Jingrui Li, Yiming Wang, Yanmei Dong, Wenying Zhang, Di Wang, Hongtong Bai, Kui Li, Hui Li, and Lei Shi

Title of original paper

The chromosome-based lavender genome provides new insights into Lamiaceae evolution and terpenoid biosynthesis

Journal

Horticulture Research

DOI

https://doi.org/10.1038/s41438-021-00490-6

Affiliations

Key Laboratory of Plant Resources and Beijing Botanical Garden, Institute of Botany, Chinese Academy of Sciences, Xiangshan 100093 Beijing, China

University of Chinese Academy of Sciences, 100015 Beijing, China

Novogene Bioinformatics Institute, 100083 Beijing, China

About Professor Lei Shi

Dr.
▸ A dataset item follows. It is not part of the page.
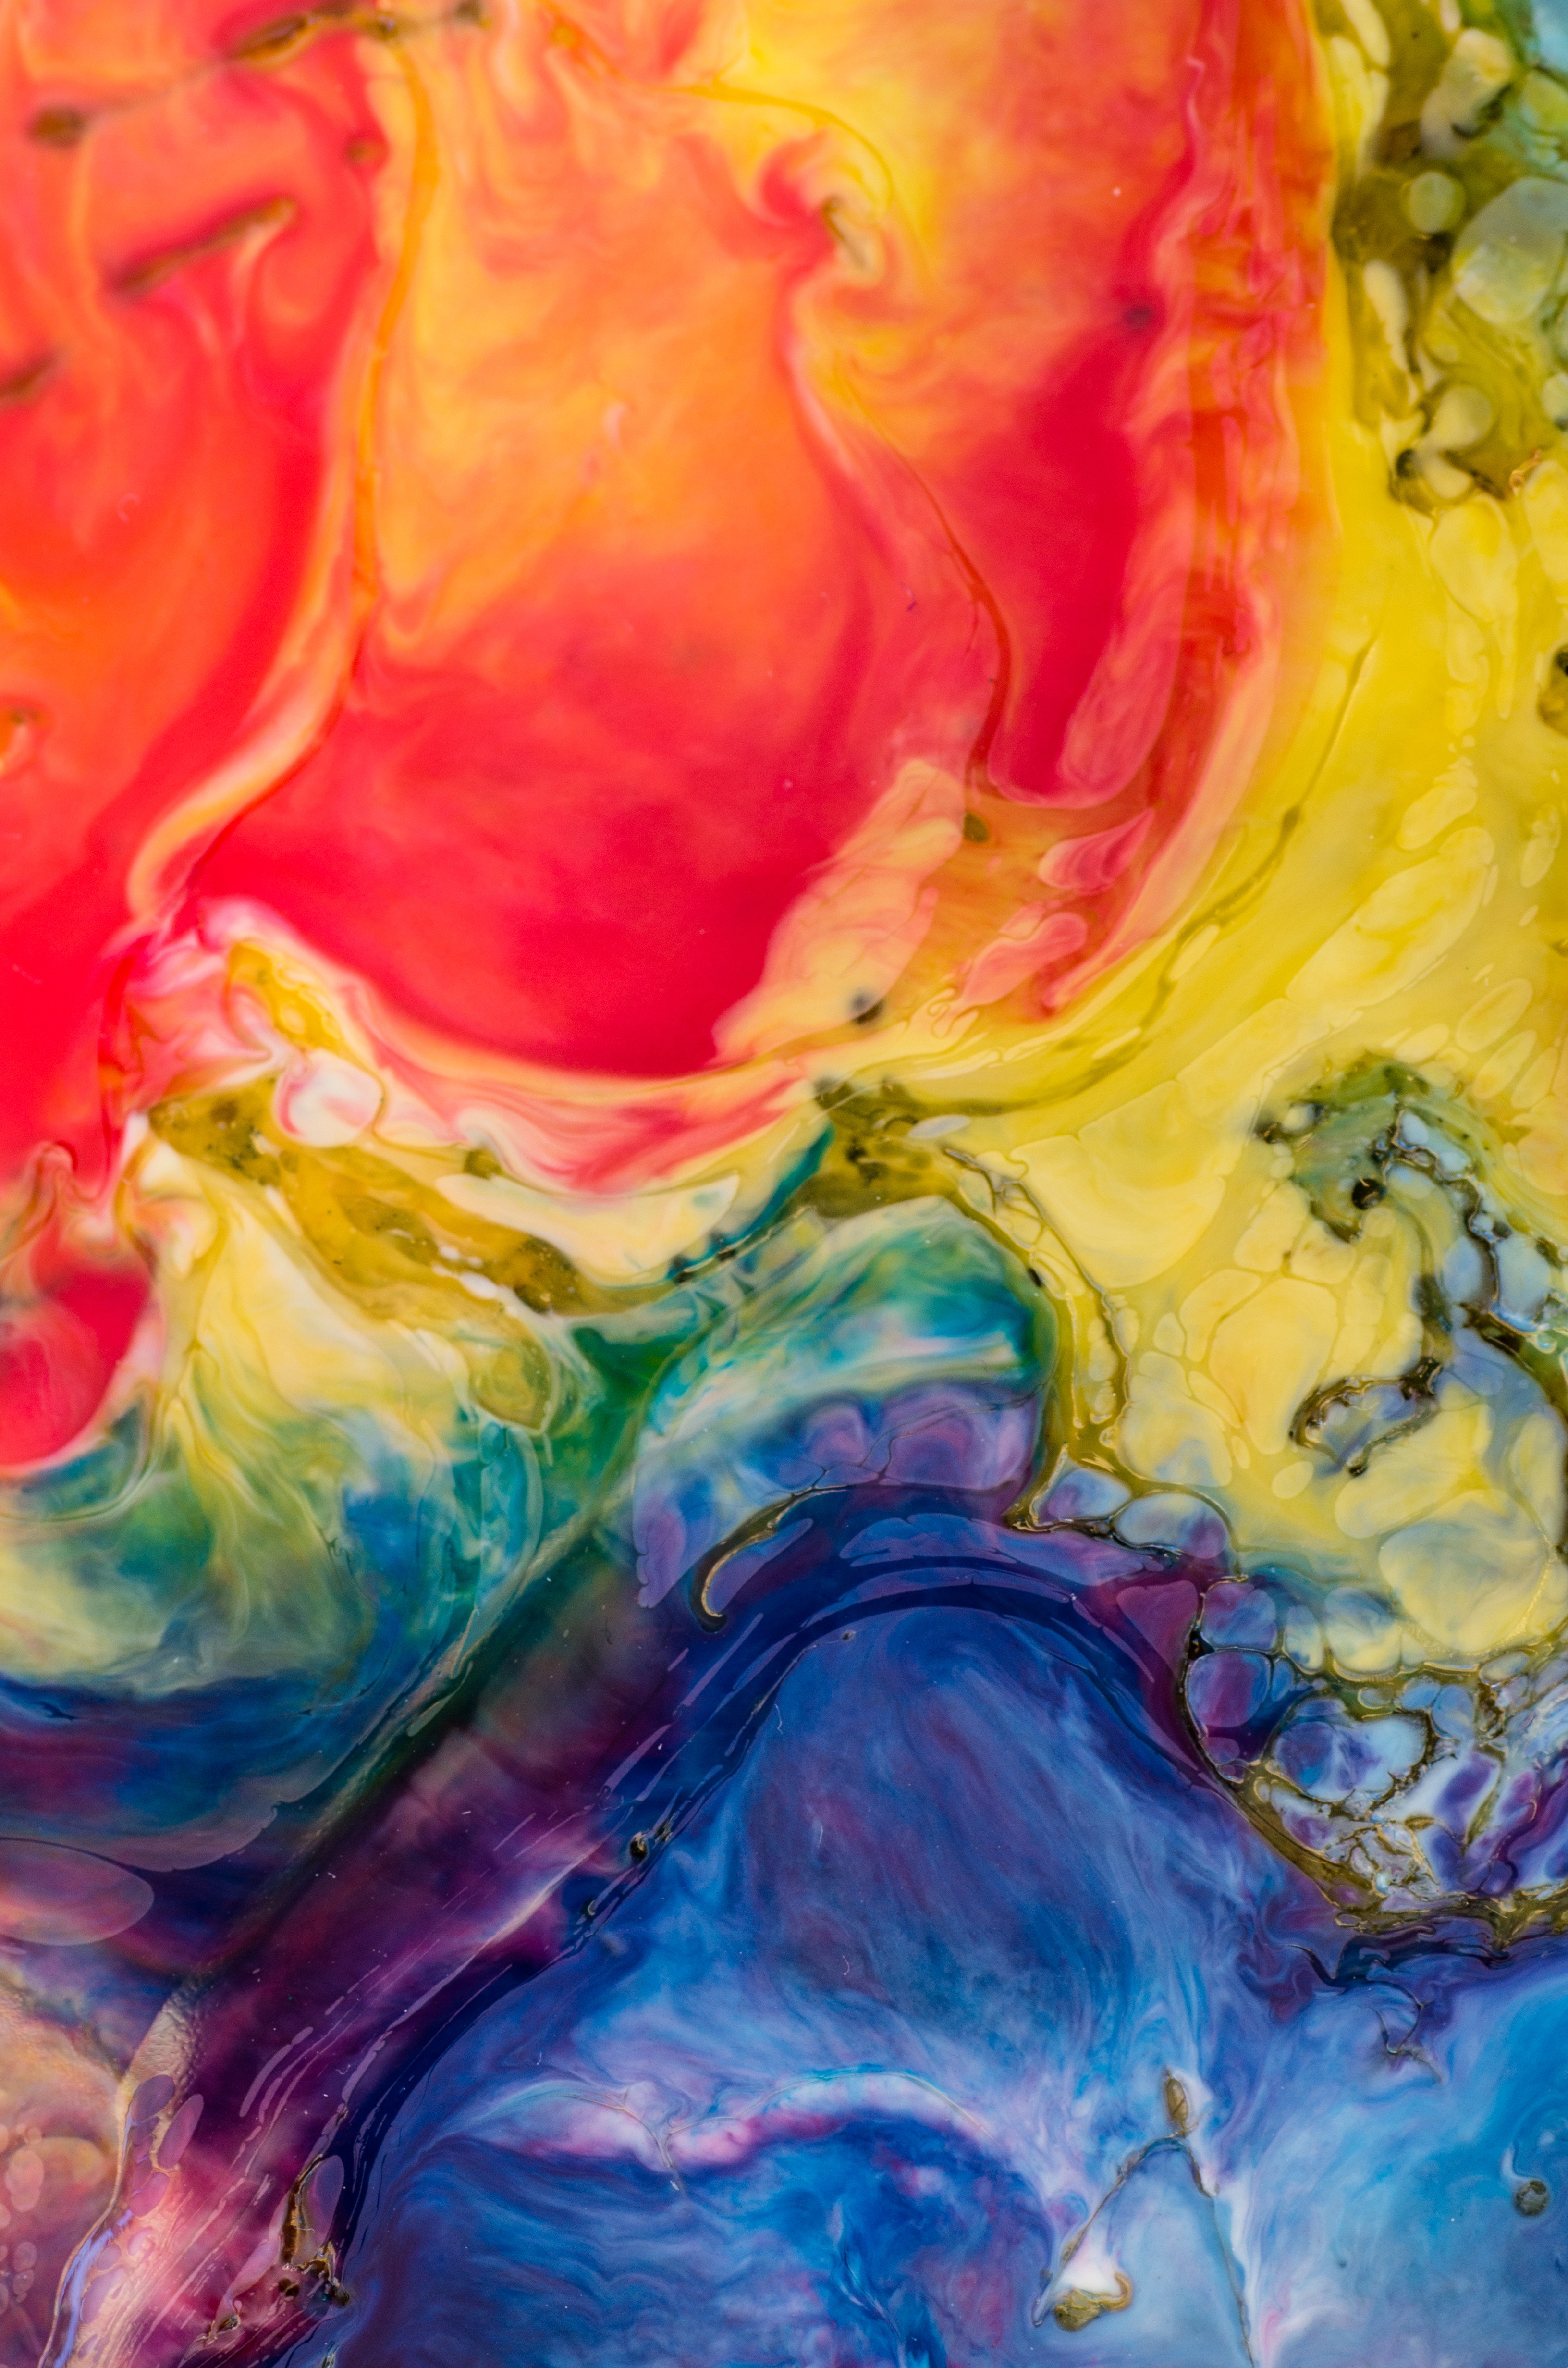 colourful, spots, paint, colorful, motley, abstract, multicolored, stains Image for desktop

Lei Shi has been a professor at Key Laboratory of Plant Resources and Beijing Botanical Garden, Institute of Botany, Chinese Academy of Sciences, China, since 2001. Dr. Shi is specifically interested in researching the fundamentals and applications of aromatic plants and their compounds. He completed his PhD from the Institute of Botany in 1999. He has led more than 30 projects; published more than 140 scientific papers and books; obtained 12 state-authorized patents; and facilitated the development of eight new certified plant varieties, including four species of Lavandula, two of Origanum, and two of Rosmarinus.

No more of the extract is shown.